I do not believe that it can always have been like this with public performances, but I must research it to see if I can find how, for example, a reading of his works by Robert Browning or, better still, Lord Byron was received. (At the opposite extreme is the recital where, despite a clear indication that songs accompanied by piano are to be treated as a group, those present insist on clapping after every one, utterly with the potential to put off the soprano or counter-tenor for (or by) whom a sequence of three or four songs had been conceived as part of the whole.)

And, if I had ten or a dozen poems that might even be worth being heard, I’d allow those present to see the text of what they were hearing (or not, if they preferred the mental crossword-puzzle of fathoming form and content from sound), and I’d memorize those poems (so never do it, as my memory doesn’t favour input in a prescribed form), and I’d learn to look around at those around me, to engage them and engage with them.

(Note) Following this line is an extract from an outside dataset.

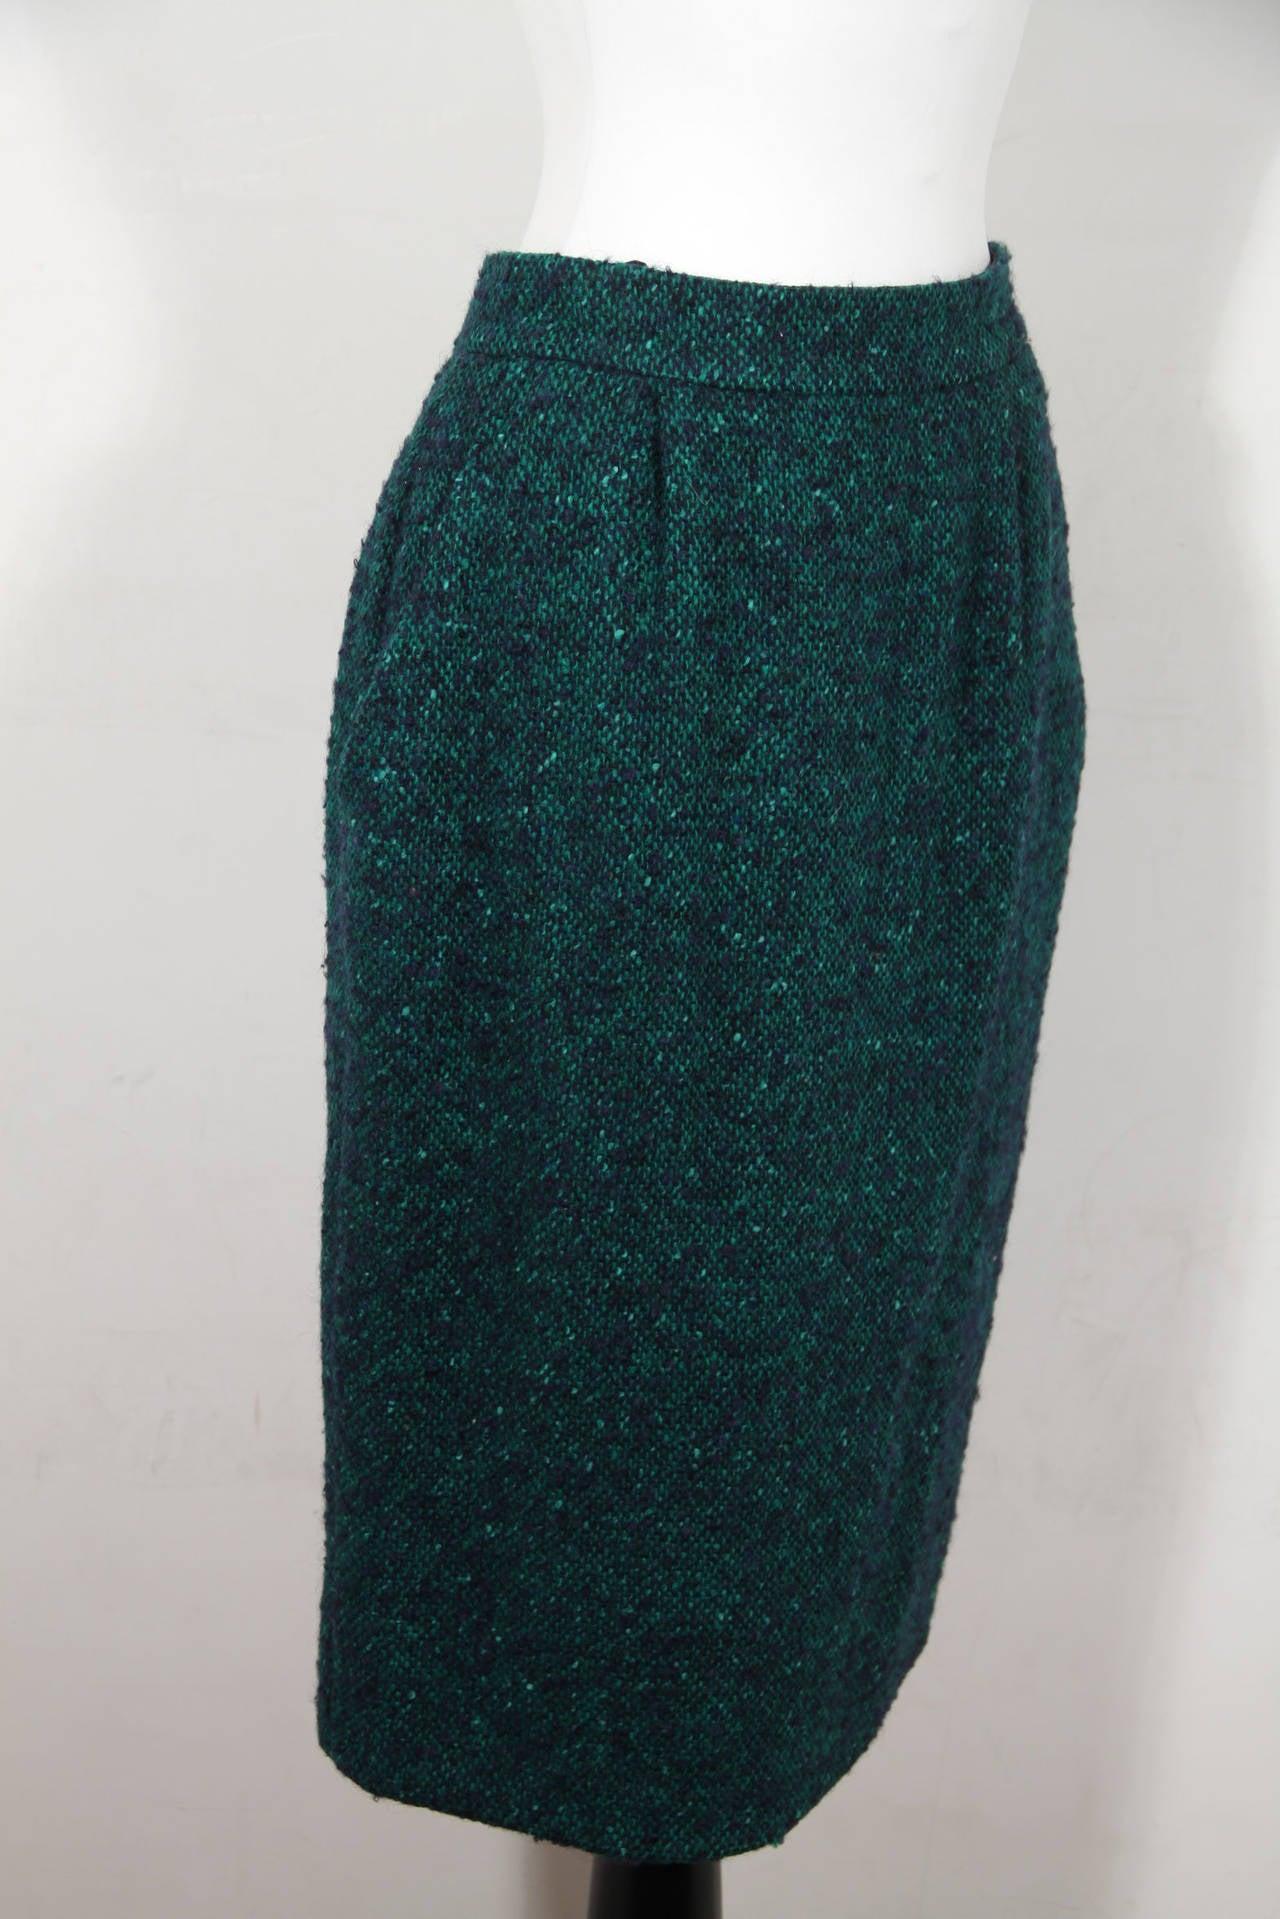 ANDREA ODICINI Italian VINTAGE Green Tweed SUIT Coat & Skirt SET Sz 40 IT For Sale 3

I know that I should, because a guy called Mark Waldron did it the other night. Moreover, he didn’t use language to show off his knowledge (or what passes for it), he didn’t just entertain with his rich conceits, and he recited in such a way that I was quite clear of his literal meaning, without abnormal accentuation or the obscurity of the prized referent that has to be explained first.

Poor man’s contumely? There’s always that danger, but I hope the recognition that there is more of stand-up in reading poetry than is given credit for – the comedian needs to know whether the audience is being reached (imagine the straitjacket of no spontaneous applause during a set), and the audience needs to feel that the comedian is reaching out to them with his or her words, not just delivering a joke or story with flatness and expecting their approval as if his or her due.